First-demand guarantees, which are not regulated by law, are separate and independent from the main obligation, create a primary liability on the guarantor and are not subject to the debtor's assets being realised. Lenders usually request that all personal guarantees created under the finance documents be first-demand guarantees.iii Priorities
Security interests are governed by the principle that security created earlier has priority over that created later. With respect to real estate mortgages, chattel mortgages and pledges without displacement, priority is determined by the date (and time) on which they are registered with the public registry, which is deemed to be the date (and time) on which the relevant document was submitted for registration. With regard to pledges, which are not registered in any public registry, priority is determined by the date (and time) on which possession is transferred. However, Spanish law allows creditors to agree on the priority of pledges and real estate mortgages. Therefore, creditors can agree that all the credits have the same priority or different ranking.
Pursuant to the Spanish Insolvency Act, in the context of bankruptcy proceedings, secured credit rights will benefit from priority up to the value of the collateral. The creditor is generally considered an ordinary creditor in respect of the excess.iv Subordination
Notwithstanding this, if a secured credit is classified as a subordinated credit, the benefit of any priority arising from the security is lost.

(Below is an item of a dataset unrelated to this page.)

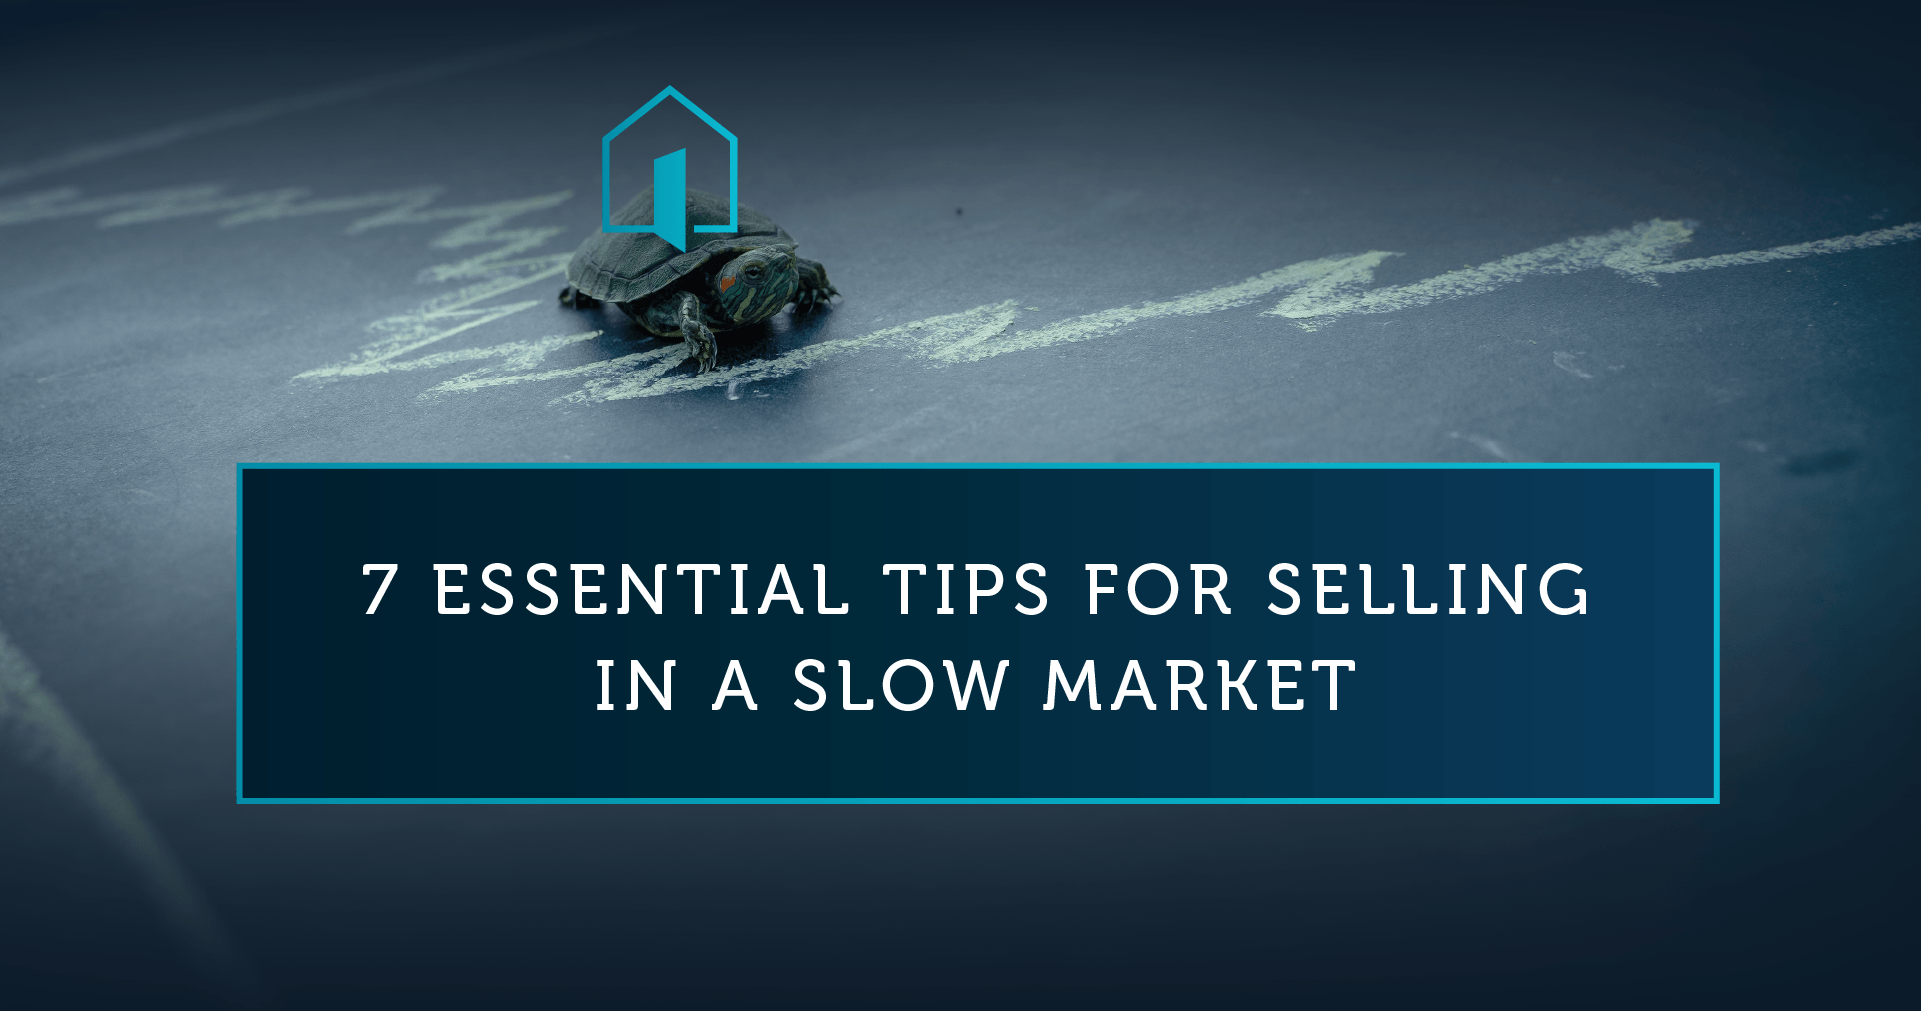 7 Essential Tips for Selling in a Slow Market

Under Spanish law, subordination can arise ex lege (as a matter of law) or ex contracto (from a contract).
Contractual subordination is recognised in Spain in accordance with international practice. Contractual subordination provisions used in Spain are similar to those used in other jurisdictions.
Spanish insolvency law provides for the subordination of certain claims by operation of law. These subordinated claims include, among others, the following:
- claims that are not notified by the creditors to the insolvency trustee in a timely manner;
- claims that are contractually subordinated to all remaining claims of the debtor;
- claims for interest; and
- most importantly, all rights against the debtor held by legal or natural persons who qualify as 'specially related' to the debtor. This category includes, among others, shareholders with a stake of 10 per cent in the insolvent entity (5 per cent if it is a listed company) when their credit right arose, formal directors or shadow directors, and companies of the insolvent entity's group.
There is also a rebuttable presumption that any person who acquired a credit against the insolvent debtor from any of those related parties in the period of two years prior to the commencement of the bankruptcy proceedings is a related party for insolvency law purposes.